Now, one thing I like about the orange is that it can provide a forum for those hidden points of View, those second thoughts, those comments “from left field.”
The kind of classroom discussion I grew up with might be called “linear,” for want of a quick monicker—but actually it’s a lot more like that childrens’ game called “Follow the Dots.” Remember? The page was a maze of meaningless dots, with perhaps a teasing riddle for a caption. But, the thing was, the dots were numbered; and if you took your pencil and began at number 1 and went carefully from each point to the next one, by the end you would find you had drawn a grinning dragon; or some other picture had emerged. That similar things can happen in philosophy classes is one of their greatest charms, and highest virtues.
But, on the other hand, a follow—the-dots procedure does leave some things unexplored, unvoiced. What about people who seem to glimpse another way to connect the dots? Or lots of little pictures? And What about doubling back on the track, trying out a path not taken by the discussion as it zagged from A to B? Or what about points of view that may not connect with the track, but still are a part of the terrain?
It’s not as if these things can never be addressed in the more traditional forms of classroom interaction. But I do like it about the orange that it seems to make room for so many kinds of voices, so much truth.
. . . When I became a teacher, I began to find the voice I had lost in graduate school. Having to stand there for 50 minutes and say something, I found I had things to say, and could say them, even elegantly sometimes. Given a relatively quiet, respectful, listening audience, I could come to have a voice in philosophy.
Perhaps, then, “the orange” is one way of trying to hand that experience on to my students. For a part of our class time each of us becomes a teacher, though I’d never scare them by putting it that way.

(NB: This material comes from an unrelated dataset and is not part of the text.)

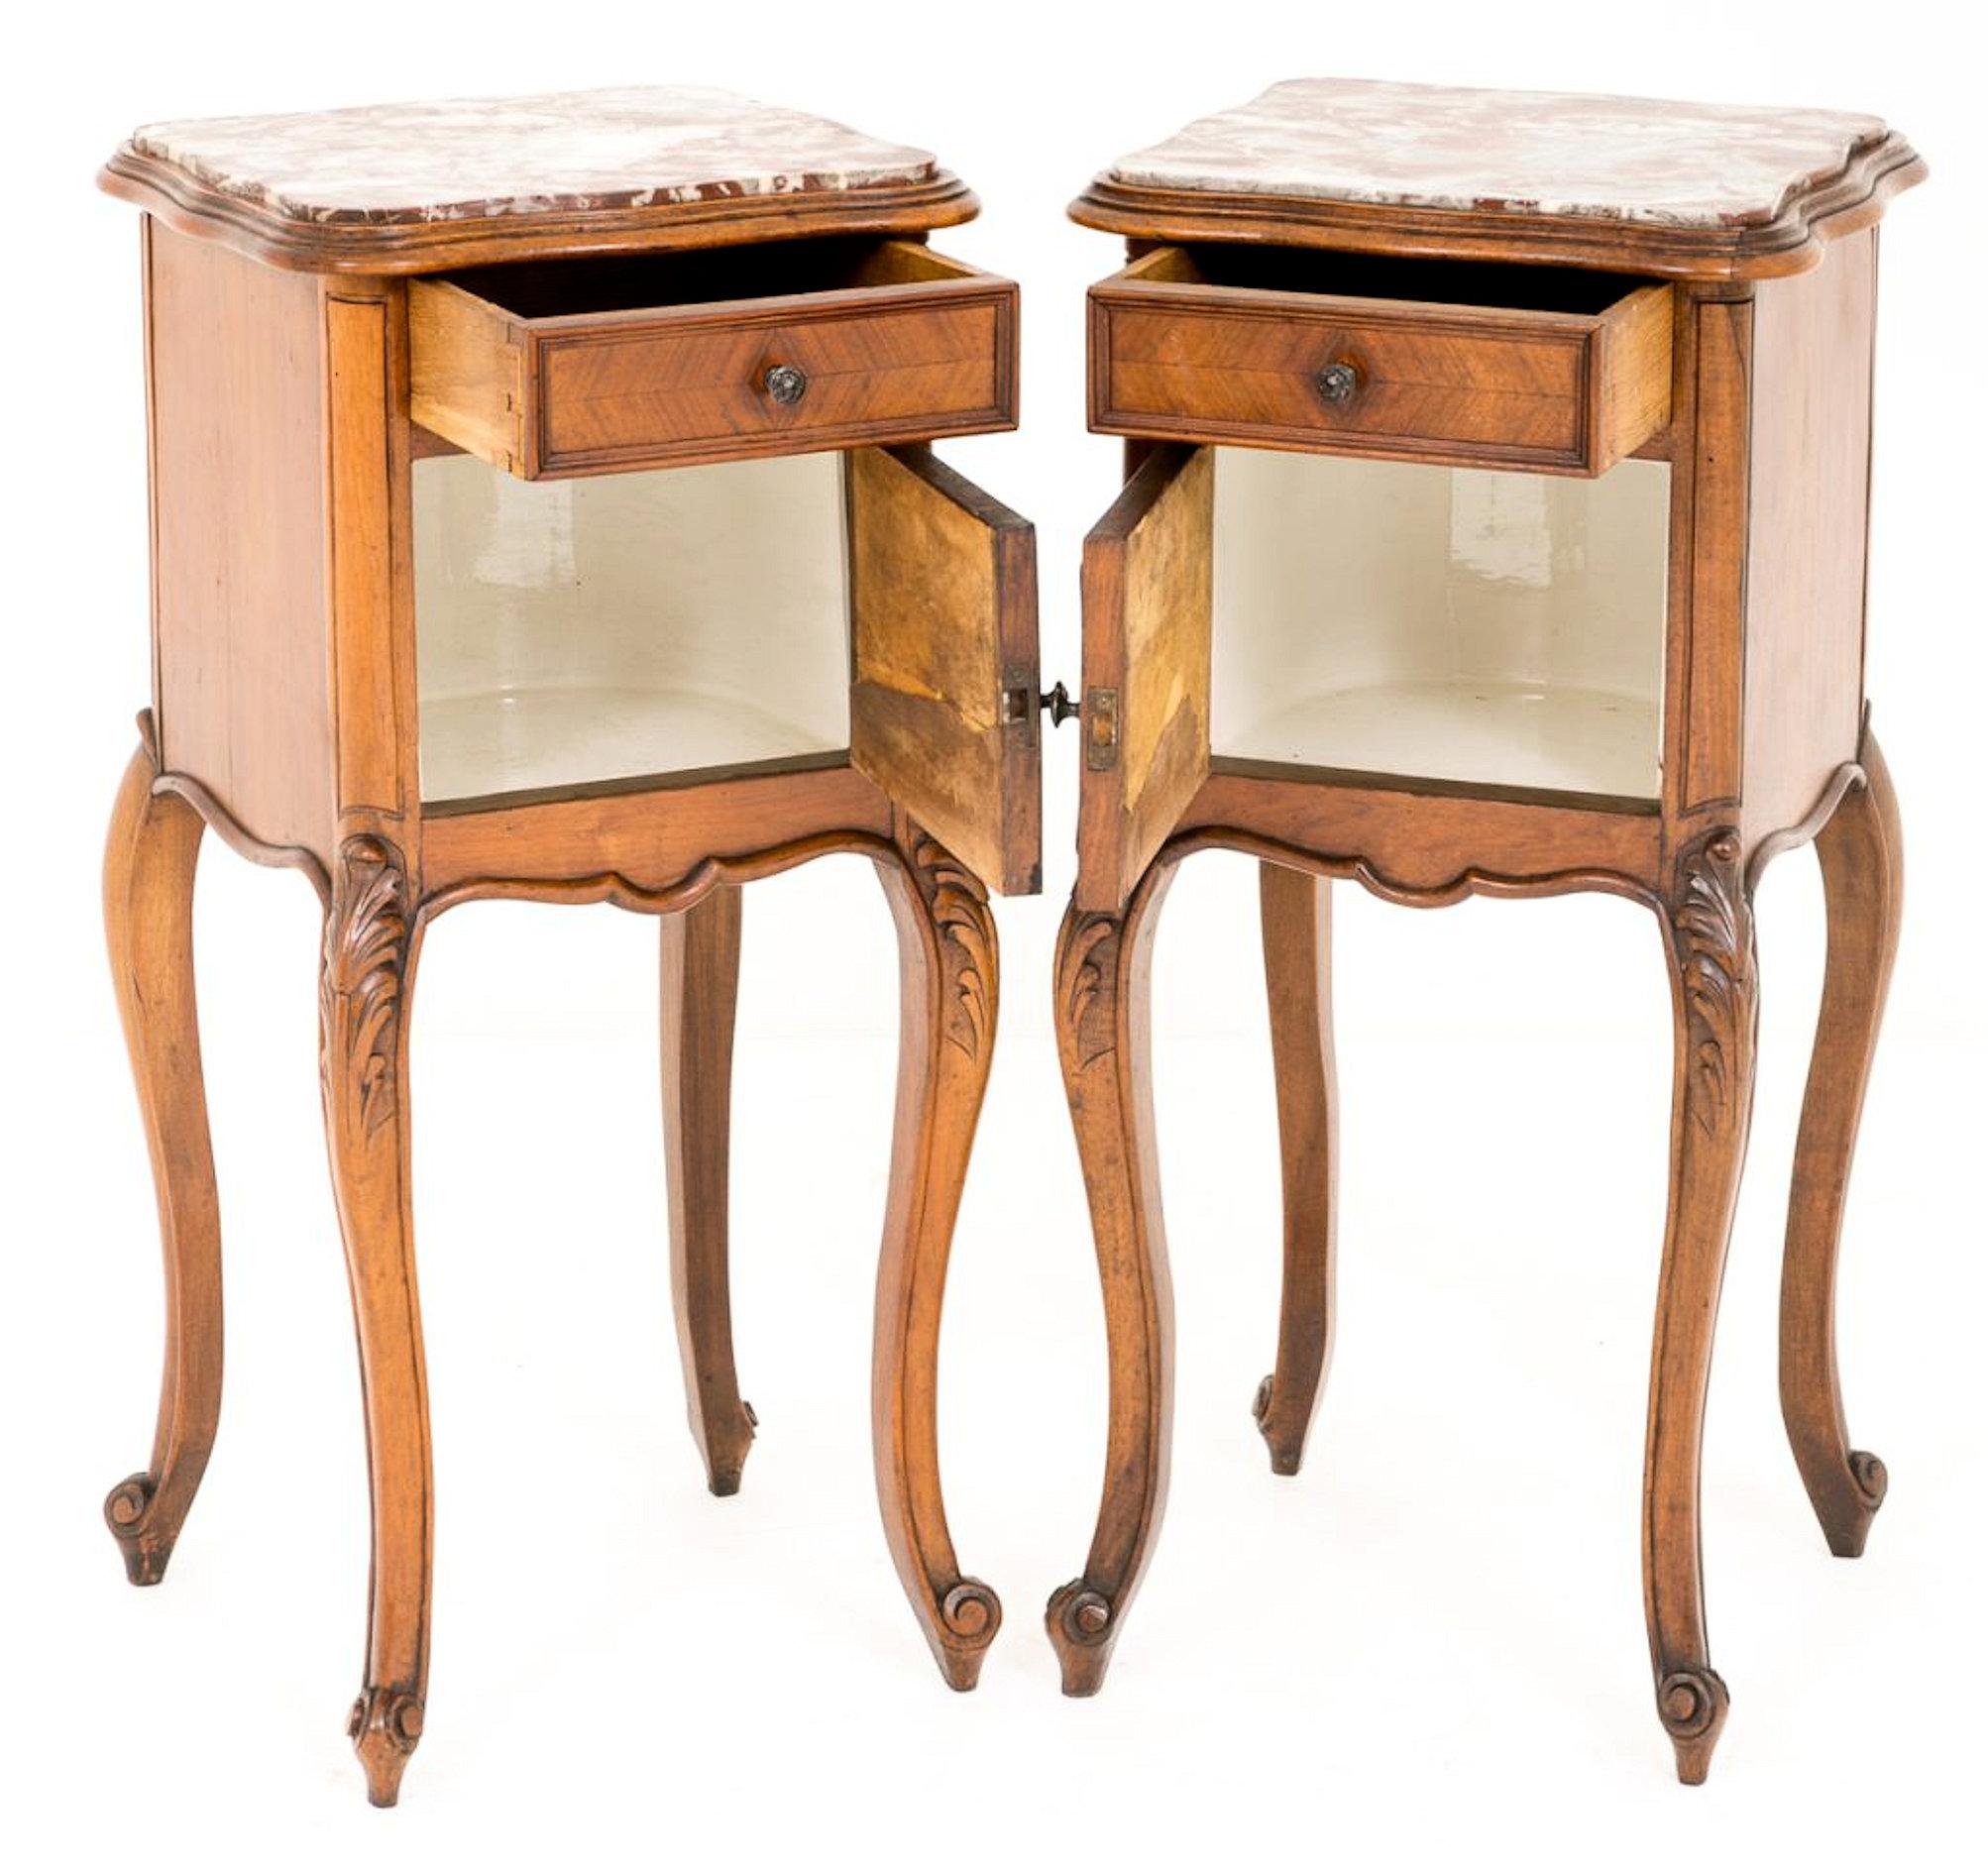 This lovely and well-proportioned pair of French walnut bedside cabinets features a single top drawer with a porcelain lined interior inside the cabinet. Each unit is supported on gracefully shaped cabriole with carvings to the knees and feet. The

Here are a few things I’ve learned as to when this technique is likely to work well and when it’s not, and what can make it better:
0n the whole, I could wish for more compassion among my students sometimes when it comes, for example, to hunger in Africa, or the fate of the whales, or anything else far from their own experience. The overwhelmingly white cast of the student body here in southern Oregon tends to make my students not an always-reliable fund of insight about racism, for instance. Nor do I believe that I, cast from the same mold, am the best possible guide to this subject. Lately, I’ve invited a guest speaker, a black teacher, to talk with us about her own life and her own understandings and thoughts about racism. Often students tell me, “Just hearing that one black person’s story taught me more about racism than all the theoretical discussions I’ve ever been through.” After listening to her, a day spent talking on our own is likely to prove more fruitful. Again, a breaking of silence: White students in my classes, even if they have known people of other races as friends, seem seldom to have talked with them about these matters.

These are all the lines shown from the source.